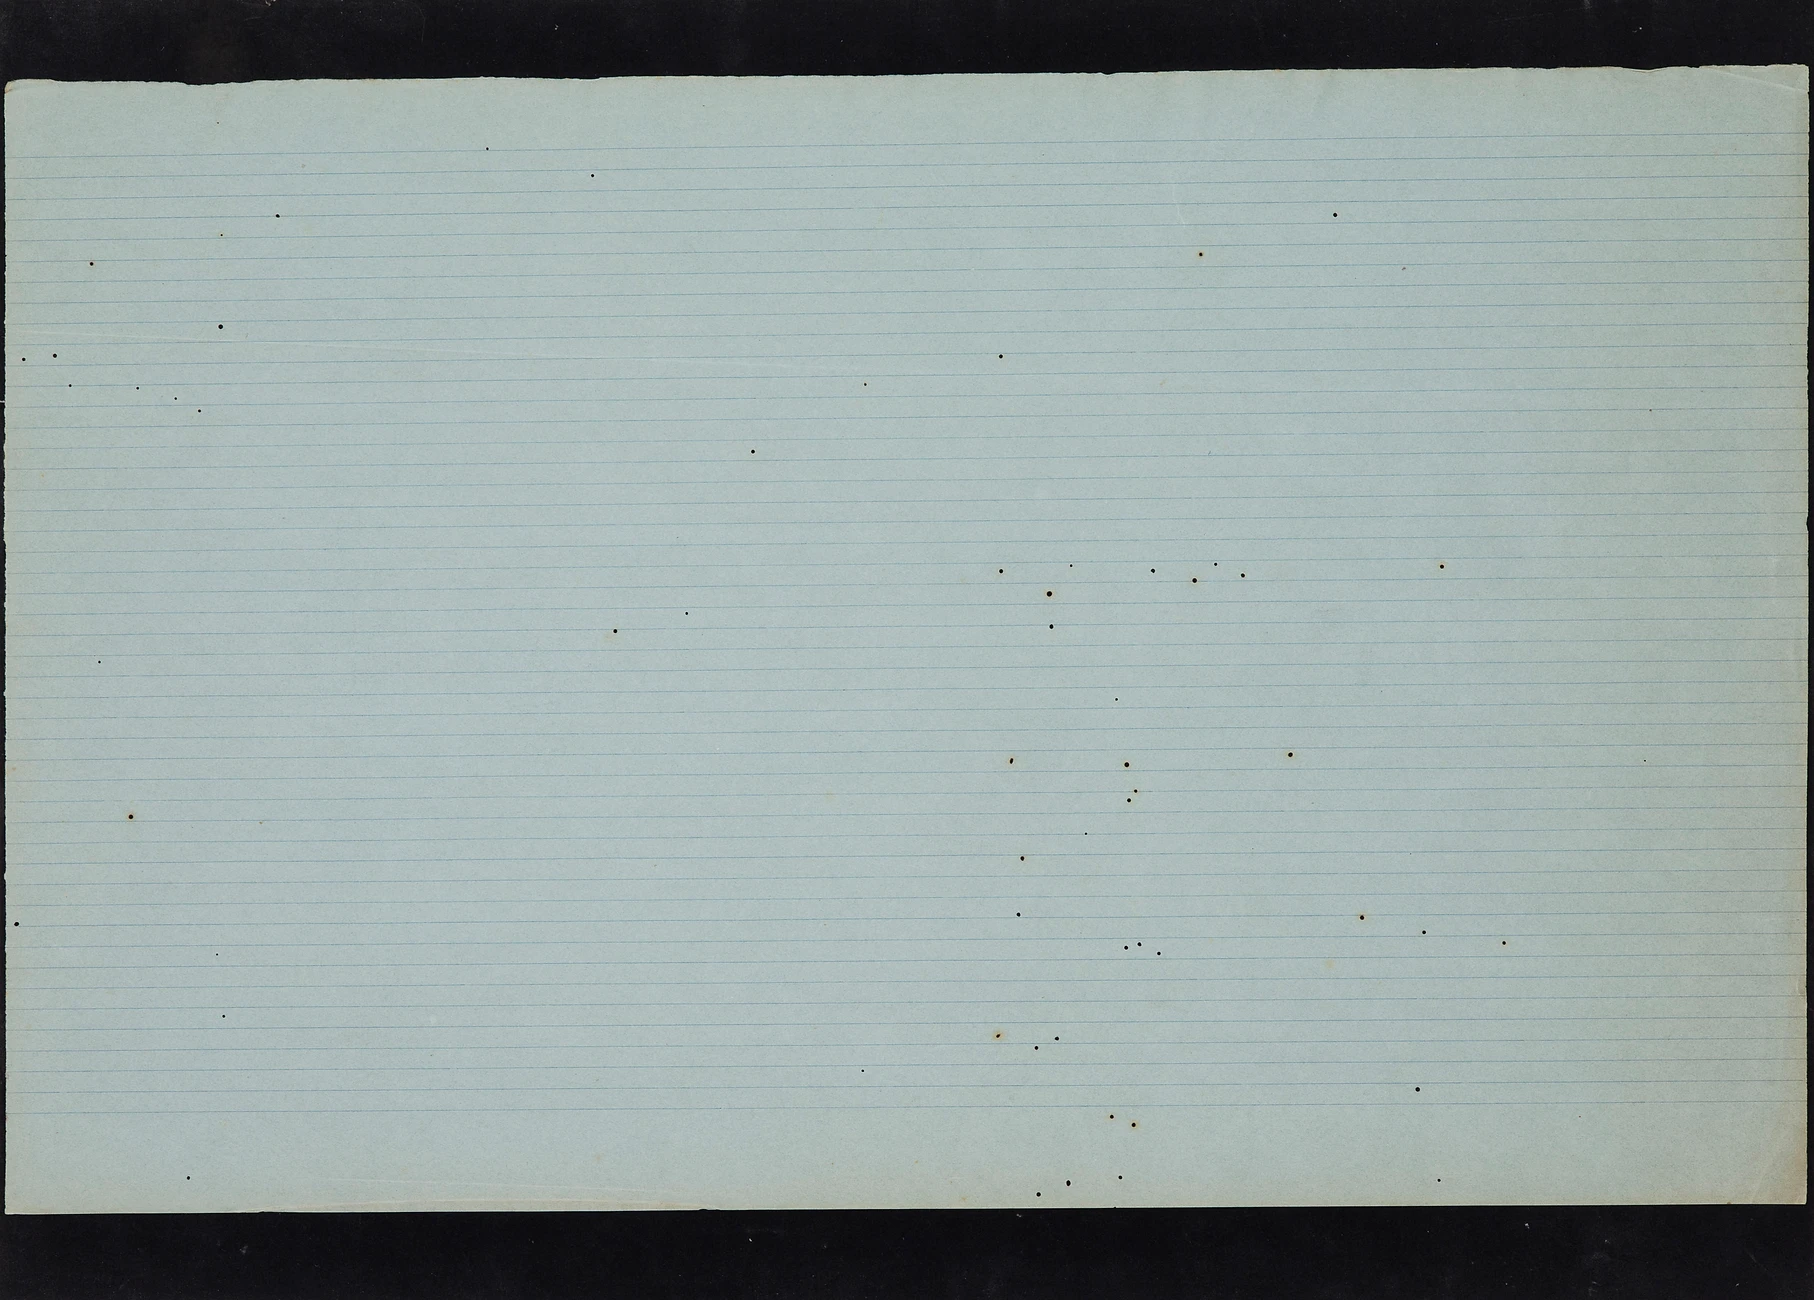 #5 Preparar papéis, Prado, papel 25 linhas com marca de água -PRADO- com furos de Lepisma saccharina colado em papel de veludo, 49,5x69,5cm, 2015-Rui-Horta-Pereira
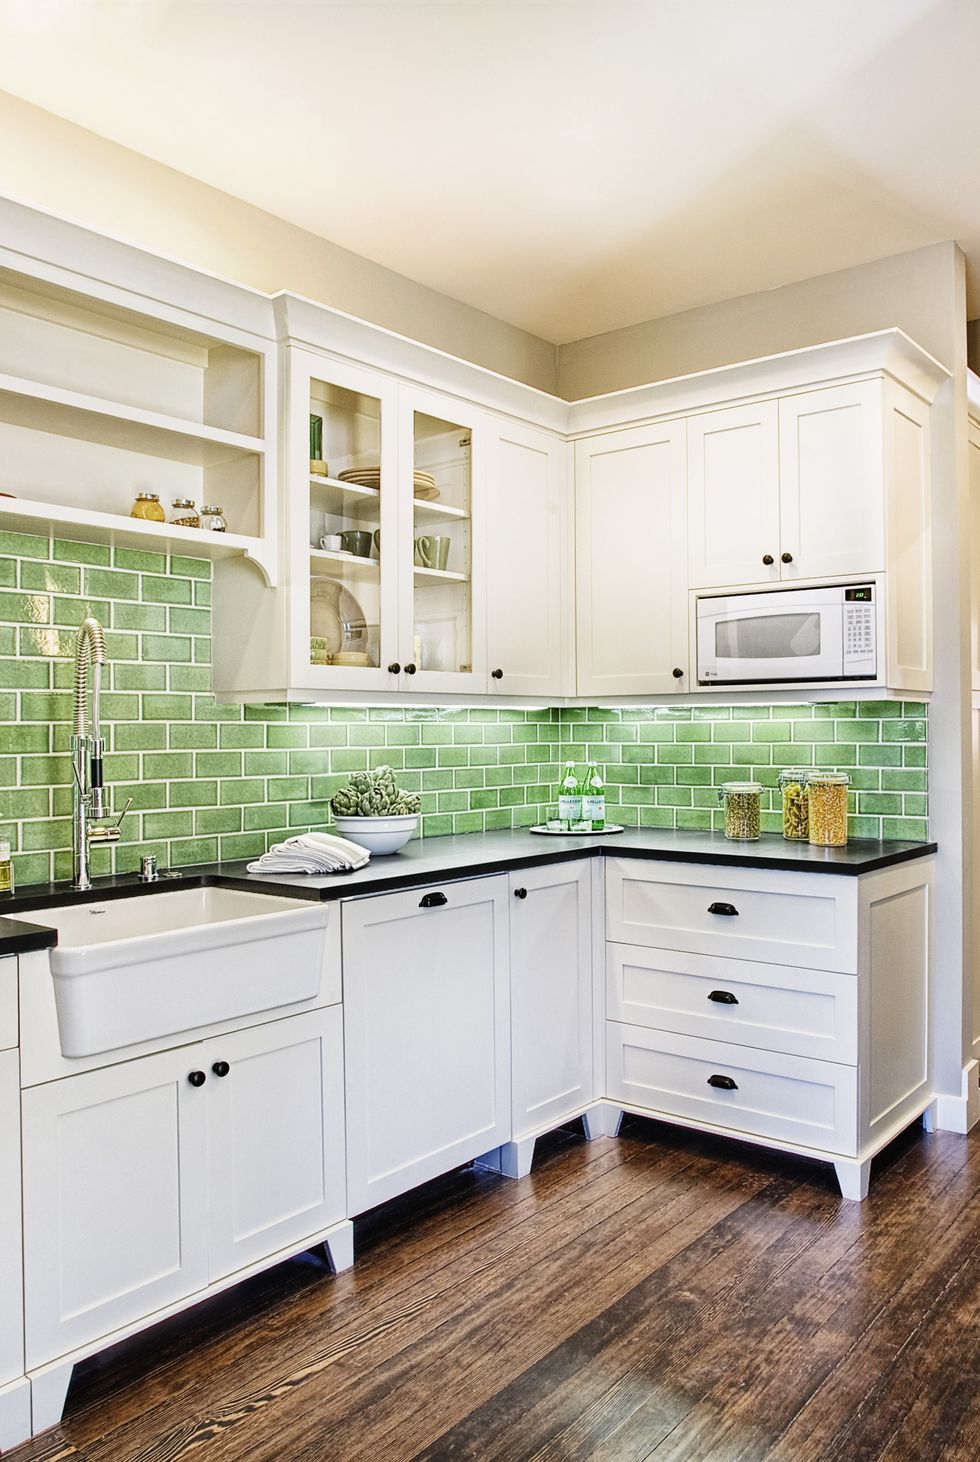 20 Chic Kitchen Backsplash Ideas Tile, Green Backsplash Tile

+---+

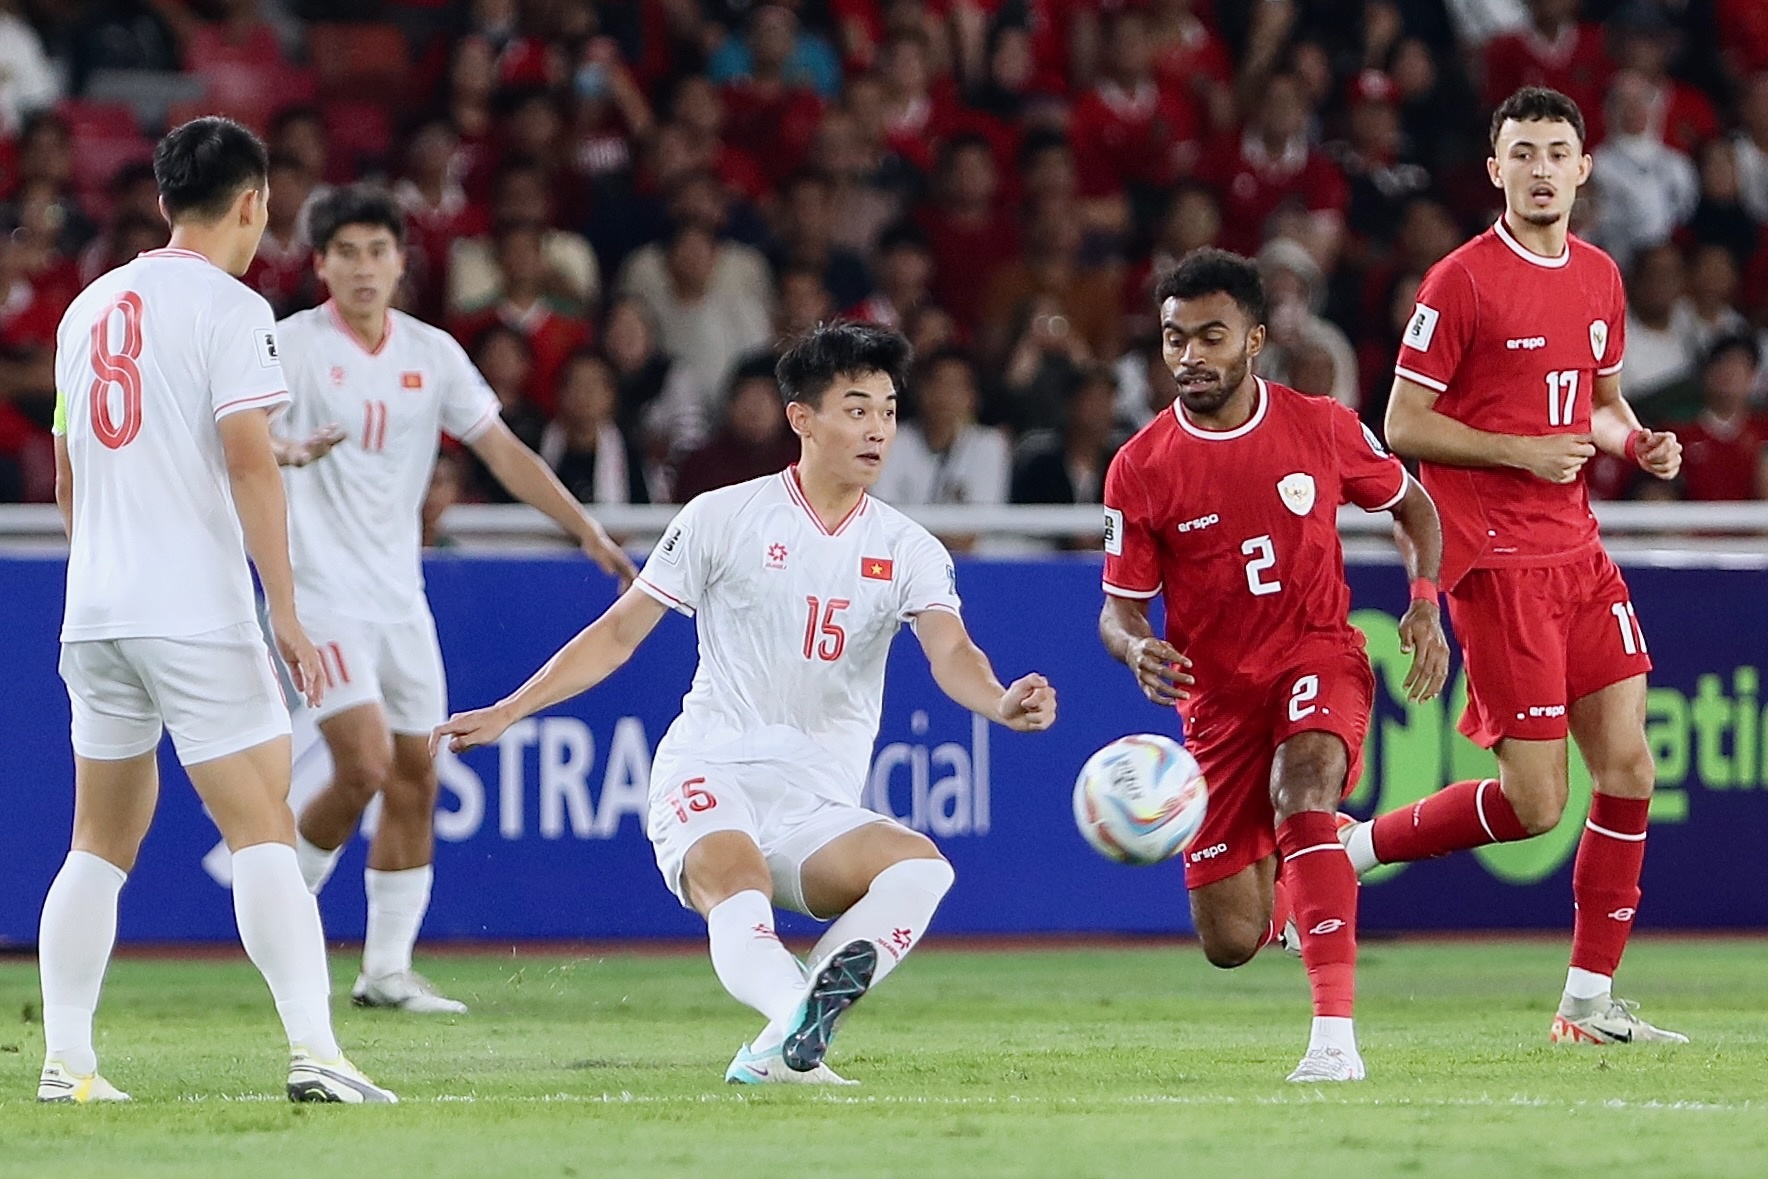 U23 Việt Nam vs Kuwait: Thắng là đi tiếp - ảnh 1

+---+

▶ [TASK ITEM]: Output should consist of the lines above from the one with "#5 Preparar papéis, Prado, papel" down to the one with "20 Chic Kitchen", exact and without pictures.

▶ [EXERCISE RESULT]:
 #5 Preparar papéis, Prado, papel 25 linhas com marca de água -PRADO- com furos de Lepisma saccharina colado em papel de veludo, 49,5x69,5cm, 2015-Rui-Horta-Pereira
 20 Chic Kitchen Backsplash Ideas Tile, Green Backsplash Tile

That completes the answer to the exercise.